My point is that the negotiation that ECN is to be used happens within the TCP header, without using/evaluating the IP ECN bitfield (actually during negotiation it is supposed to be set to not-ECT). So your nftables rule will not interfere with ECN negotiation.
So both endpoints can negotiate ECN usage, now assume typical download traffic, where the upload traffic is essentially pure ACK packets, these will also send as not-ECT (see rfc3168, the rationale is that legacy TCP will not reduce the ACK rate so setting CE on ACK packets will not help reduce the load, so the congested node can and should drop the packet instead to get some relief) now our download packets are using ECT(0) because the endpoints negotiated ECN, and now cake on ifb4wan needs to act on a packet from our ECN flow, since the packet is still ECT(0) is goes and changes that to CE, but now this CE marked packet gets into nftables hands and the CE gets reset to not-ECT, the receiver will not know that there was congestion along the path and hence will not be able to tell the sender, which will keep increasing its congestion window and send more and more instead of slowing down... eventually cake's BLUE component will take over and drop from that hash bin, but for the affected flow life is miserable as cake still limits its rate into your network but due to the cleared CE marks the sender keeps pushing and that flow's queue will get longer and longer and the delay for that flow will also increase with that queue.

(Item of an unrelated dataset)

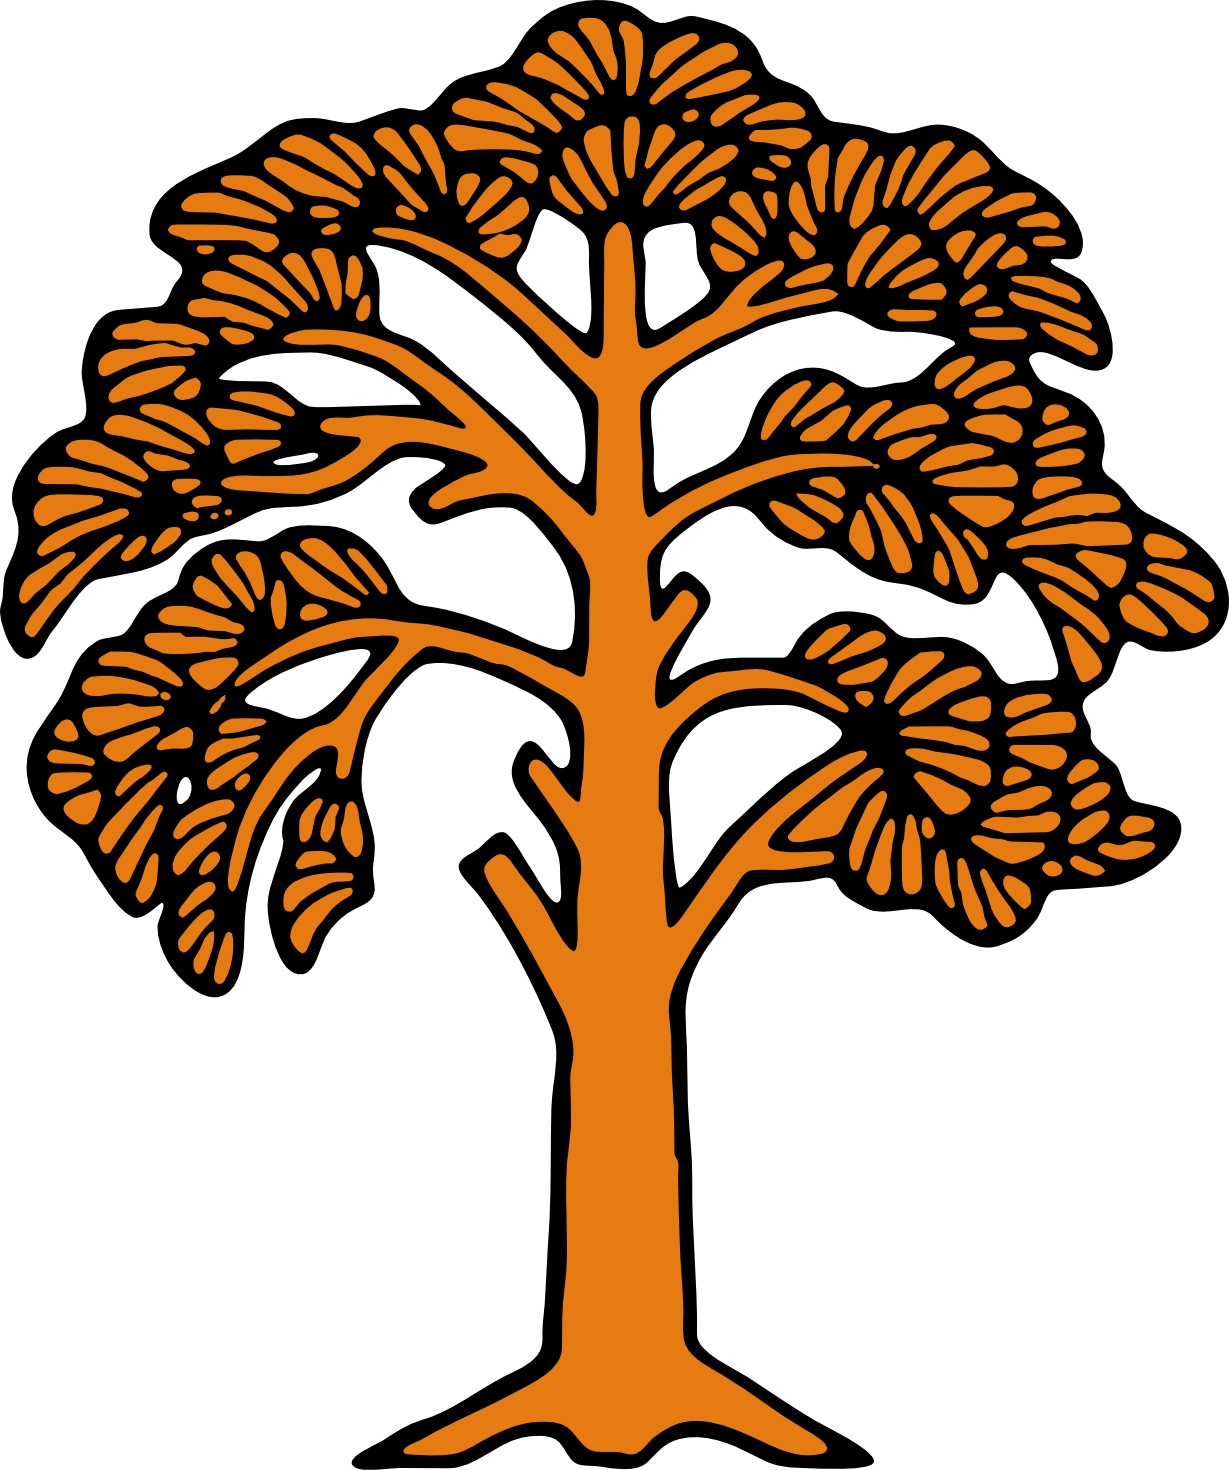 Tree Silhouette Png - ClipArt Best

So the problem here is the potential for silent removal of congestion signals... and IMHO it is a bit unfortunate that for cake we did not make ECN usage optional/togglable...

if tcp doesn't make use of ip ecn header, why does this rule work then?
I get what you are explaining..
But I'm a bit sleepy and will have a deeper look later.
And maybe figure out a way to clear the ecn bits with ntables.